:: AVAILABLE DATA ::
▼

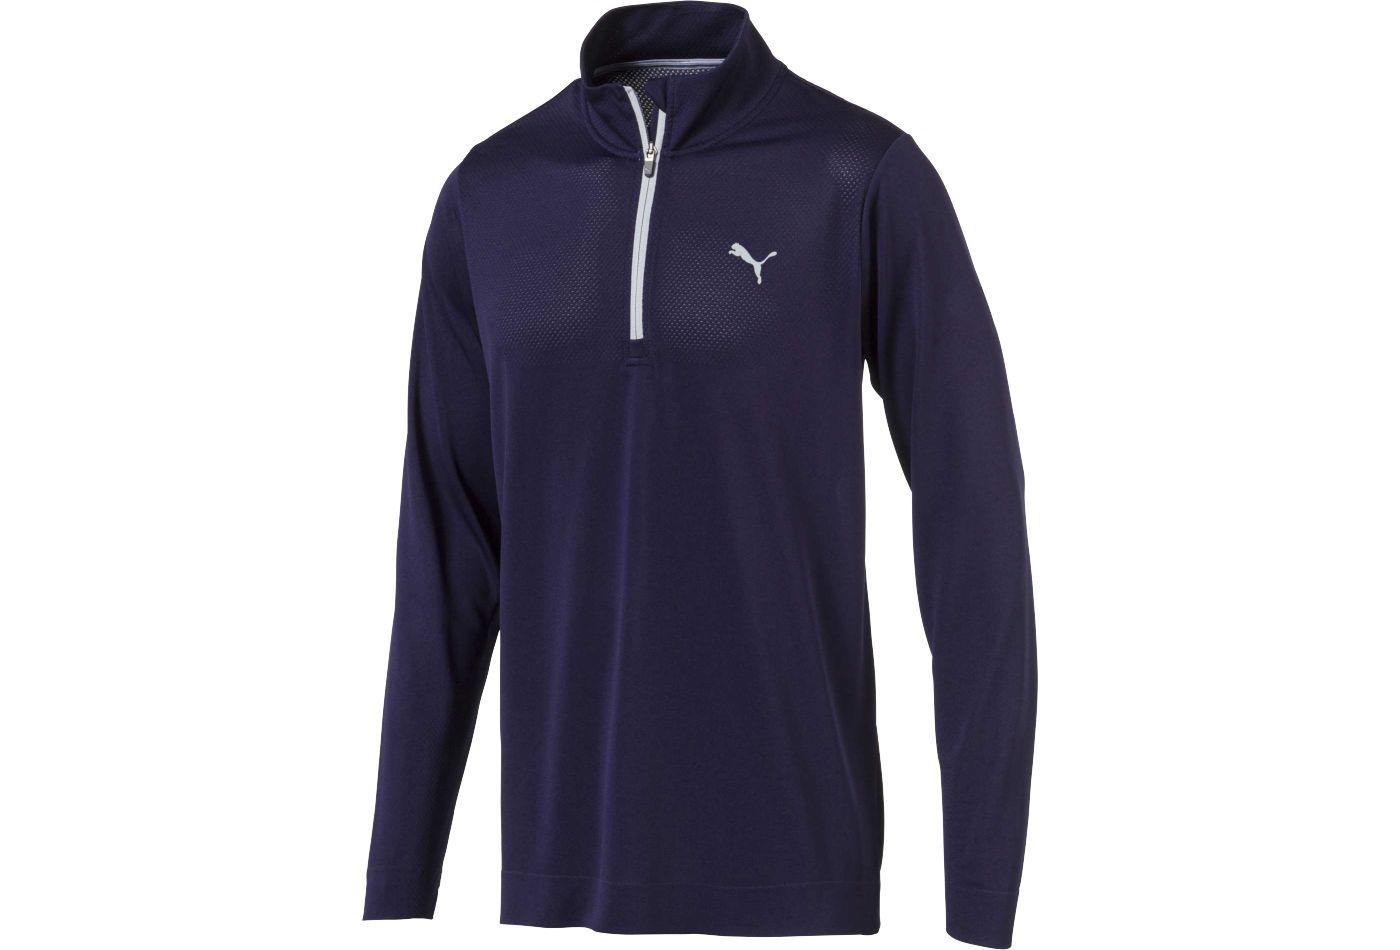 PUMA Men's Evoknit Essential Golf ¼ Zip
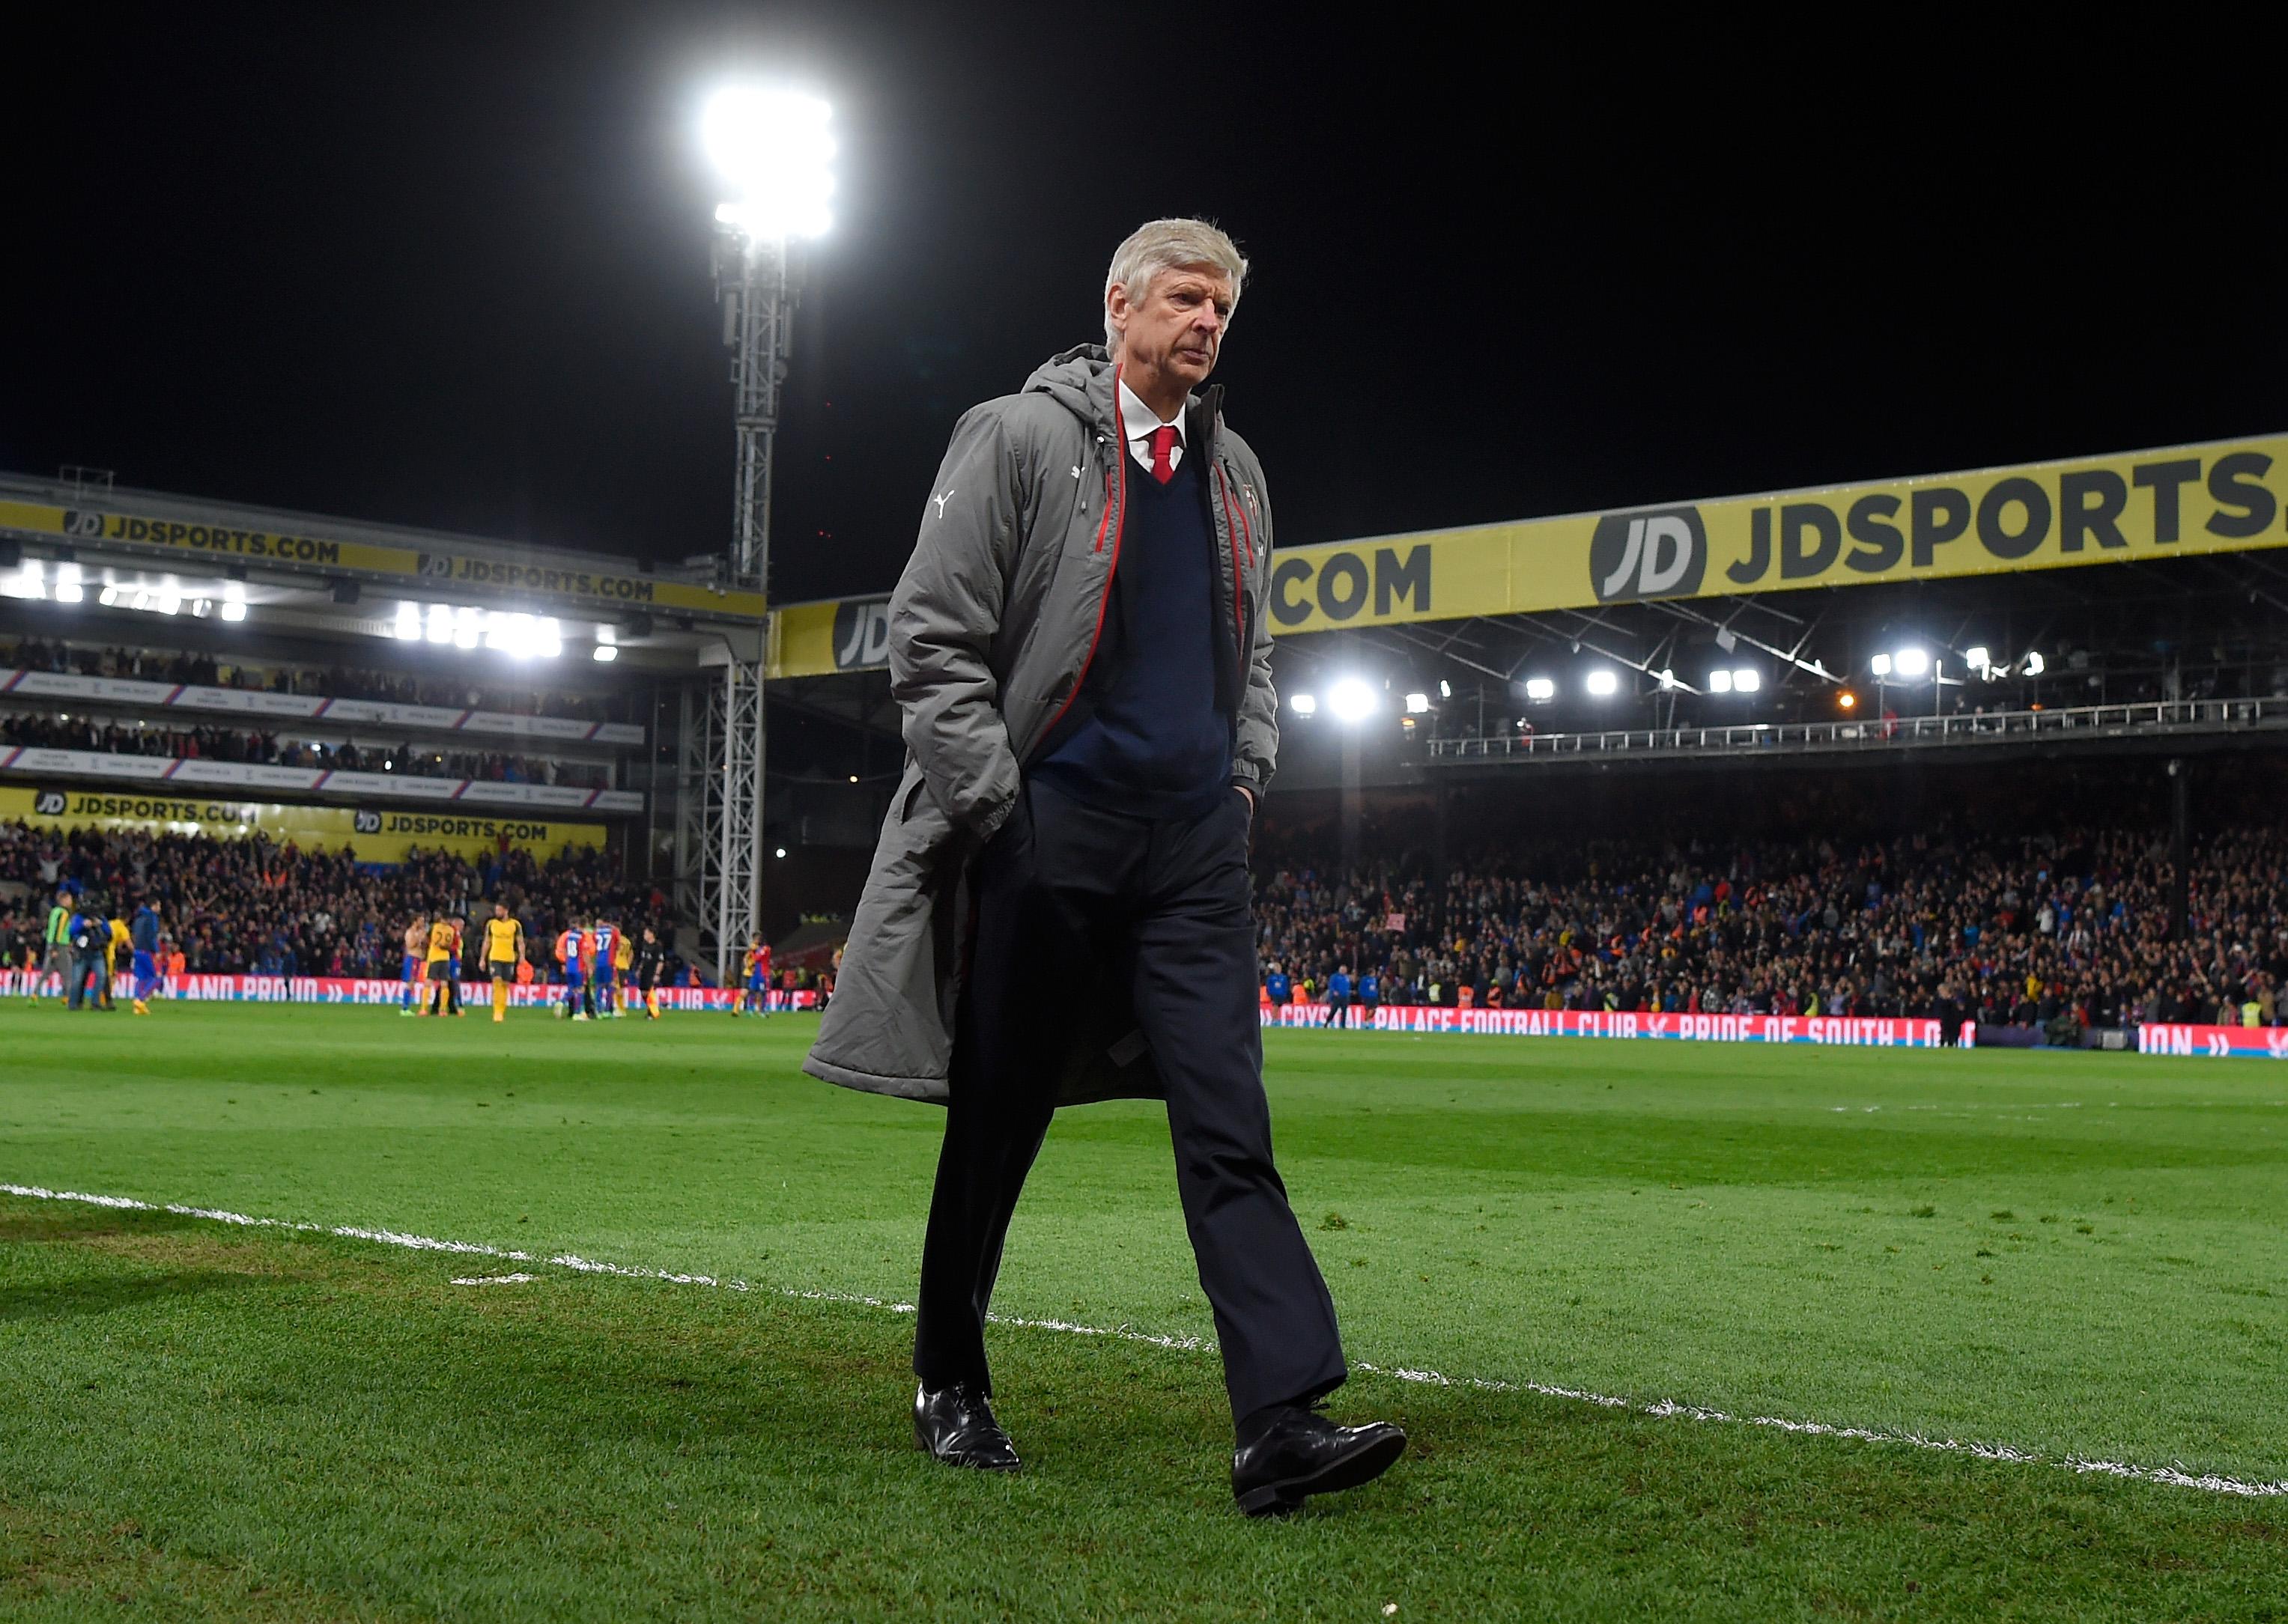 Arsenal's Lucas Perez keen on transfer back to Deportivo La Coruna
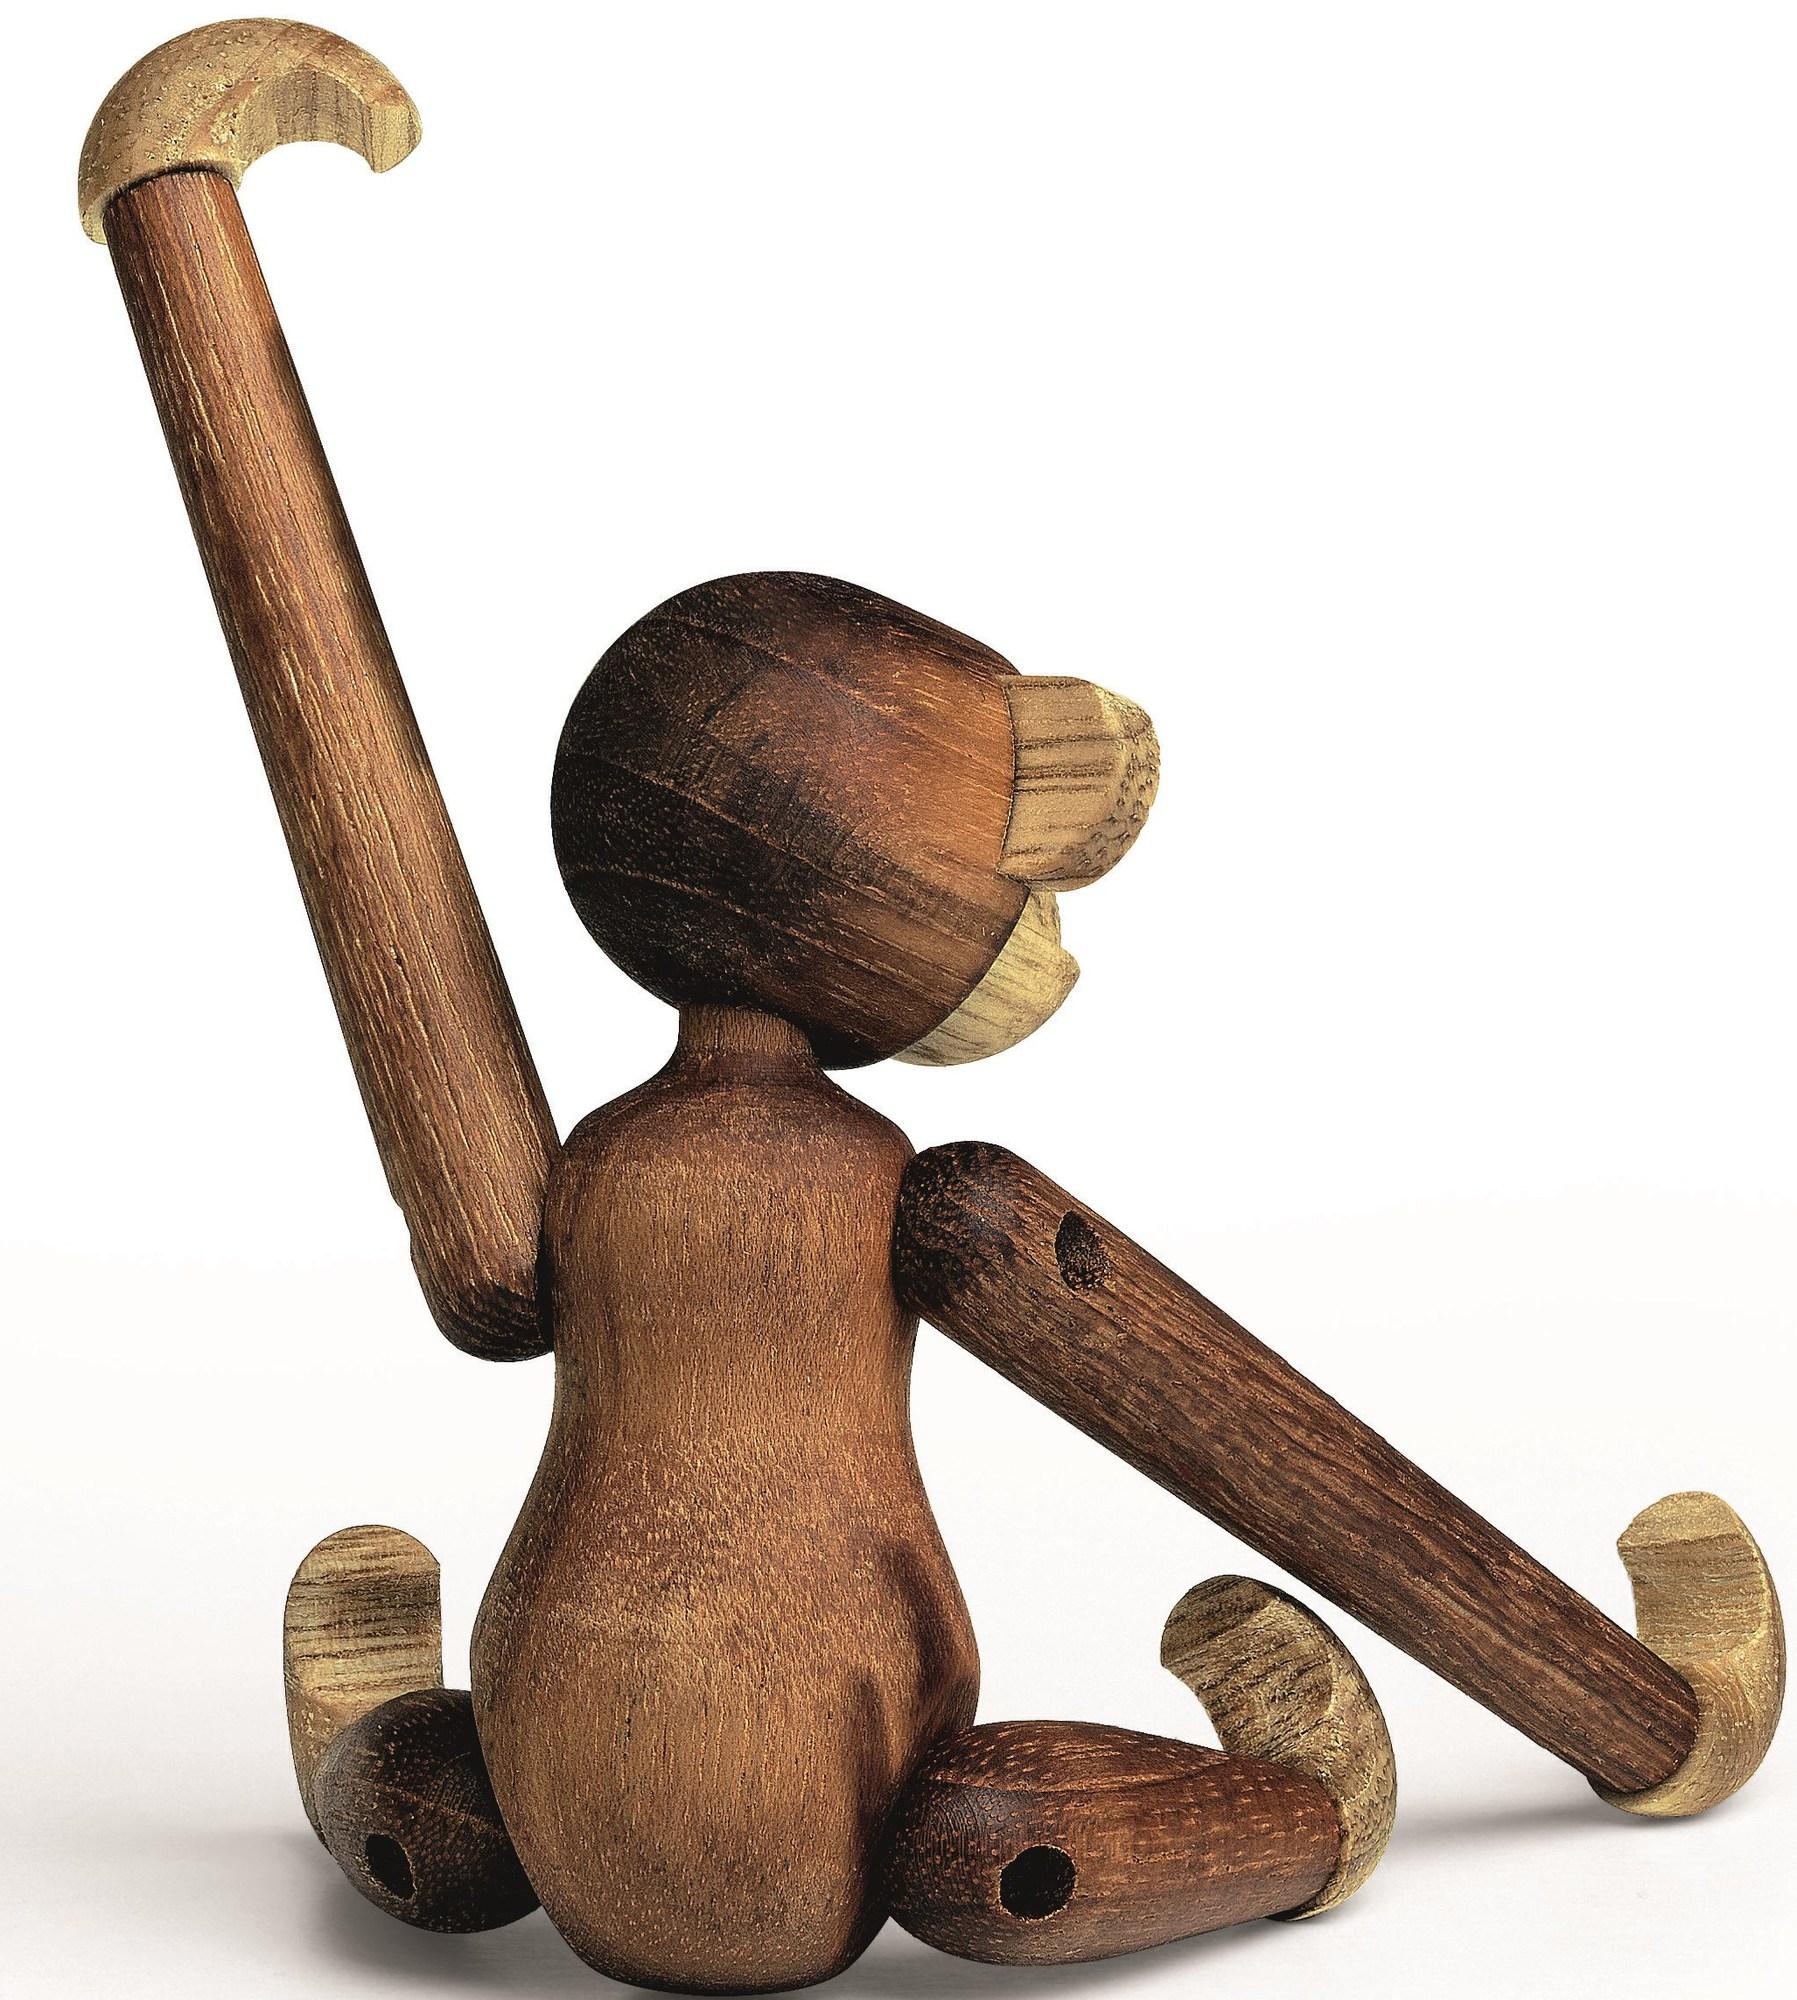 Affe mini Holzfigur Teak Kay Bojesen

▲

:: THE TASK ::
Would you retype every line shown above exactly, leaving the pictures aside?

:: SOLUTION TO THIS TASK ::
 PUMA Men's Evoknit Essential Golf ¼ Zip
 Arsenal's Lucas Perez keen on transfer back to Deportivo La Coruna
 Affe mini Holzfigur Teak Kay Bojesen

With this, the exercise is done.